Me... ME MATE!!! – Berrou a amazona.
– Com
prazer...
Fernanda
levantou a mão e suas unhas se transformaram mais uma vez em garras, enquanto
Saskia fechava os olhos e esperava. Com um golpe rápido Fernanda cortou o rosto
de Saskia e pegou impulso. Desferiu um soco em seu rosto atirando-a na parede.
Seu elmo saiu de seu rosto.
A amazona
abriu os olhos e viu a inimiga se aproximando. Ela segurou-a pela gola da
armadura e foi até o centro do salão. Olhou fundo nos olhos de Saskia e sorriu.
– Como você
é fraca... – Dizendo isso ela atirou Saskia para cima e saltou com as garras
flamejando.
Com um
único golpe no estomago suas garras atravessaram o estomago de Saskia e sua
armadura começou a rachar, algumas partes caíram no chão deixando-a
desprotegida. Ainda no ar Fernanda girou, pegou o pescoço de Saskia e atirou-a
de volta ao chão, destruindo o que restava da parte frontal da armadura.
A dor tomou
conta do corpo da amazona. Mas a dor era boa... Fazia com que ela esquecesse o
que havia feito com Laura. Abrindo os olhos mais uma vez pode ver sua inimiga
vindo em sua direção com as garras preparadas para acabar com tudo. Ela fechou
os olhos e esperou.
Mas tudo
que pode sentir foram as garras de sua inimiga sendo fincadas no chão, mas
nenhum resquício de poder. Ela abriu os olhos e viu o sorriso maligno de
Fernanda encarando-a
– Porque
você não acaba logo comigo? – Perguntou.
– Seria
muito fácil... – Disse ela se levantando. – Mas acho que é melhor eu fazer isso
logo. Tenho que ir atrás daqueles dois imbecís que passaram por essa casa...

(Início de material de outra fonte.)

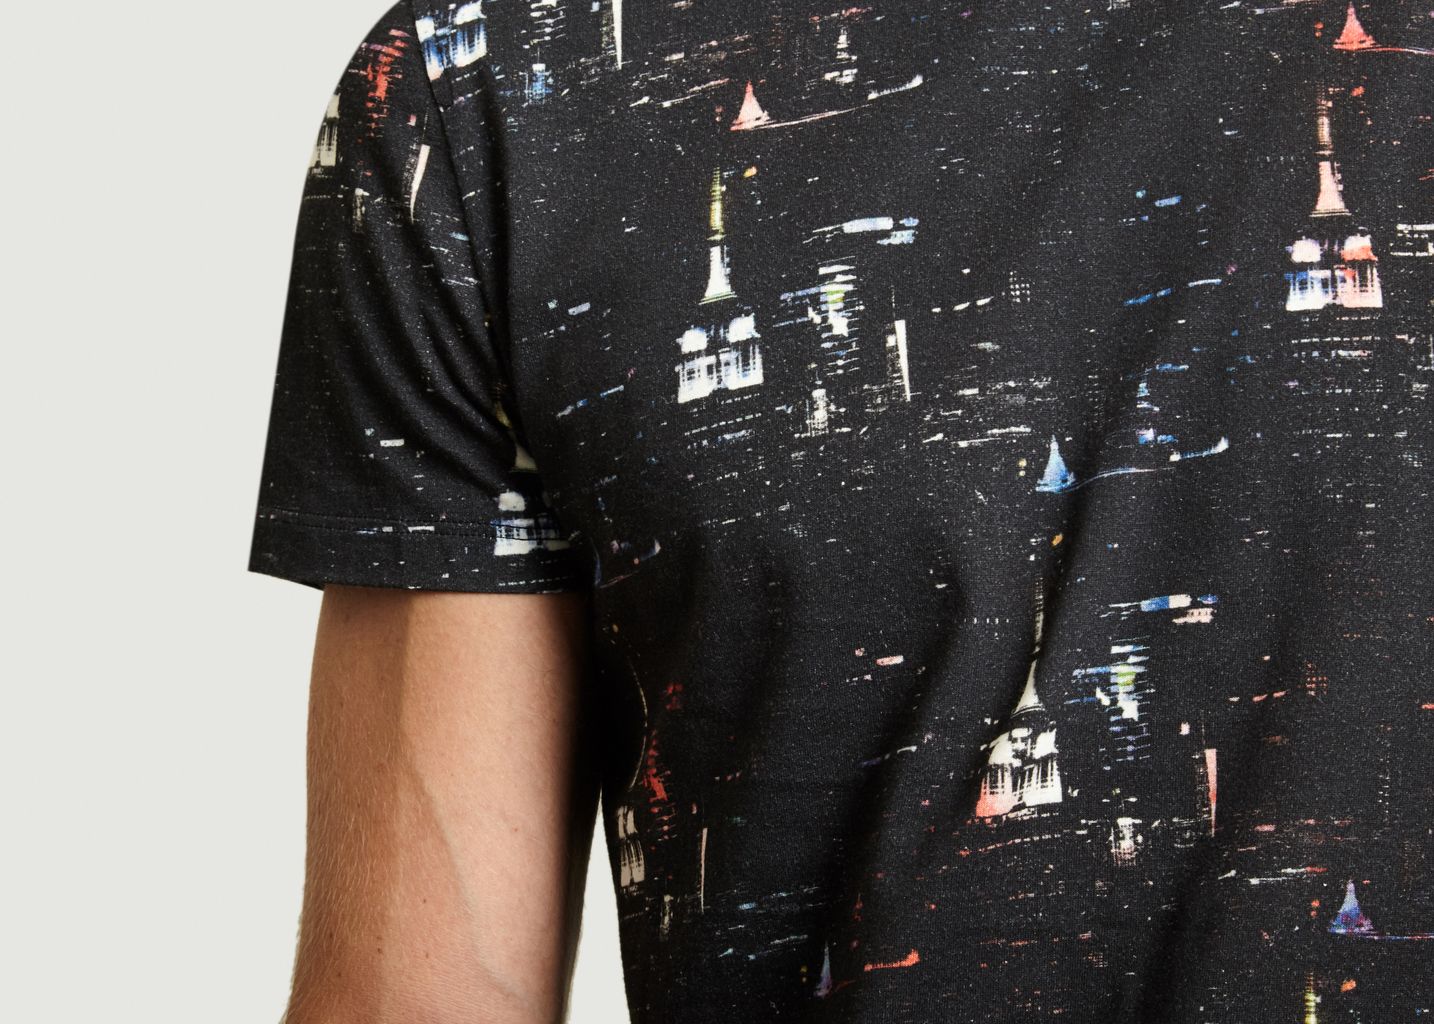 T-Shirt Print Skycrapers - M.X Maxime Simoëns

Aquário e Cisne... Bem. De qualquer modo, adeus... Saskia de Fênix. ERUPÇÃO
SO...
– RELAMPAGO
DE PLASMA!!!
Antes que
Saskia pudesse se alegrar com a idéia de tudo estar acabado para ela, uma onde
de eletricidade dourada veio da entrada da casa e atingiu o peito de Fernanda
em cheio.
– Mas o que
é que...
Saskia se
virou e olhou para a entrada da casa... De lá vinham caminhando Lays, Mariana e
Carol, que estava mais a frente, com o punho brilhando em pura eletricidade.
Ela se abaixou ao lado de Saskia enquanto as outras meninas correriam até
Fernanda.
– O que
você está pensando sua idiota?! – Gritou Carol.
– O que
você está fazendo? Porque não deixou que ela me matasse?
– Mas o
que... – Carol fechou os olhos e uma expressão de raiva inundou seu rosto. Ela
levantou a mão e deu uma tapa no rosto da amiga. – Você está desistindo?!
– Você não
sabe o que aconteceu...
Carol
soltou Saskia e se levantou. Olhou para as meninas que lutavam com Fernanda,
correu até lá e disparou uma onda de poder contra ela.
– Lays,
Mariana. Vão para a próxima casa... Essa luta agora é minha.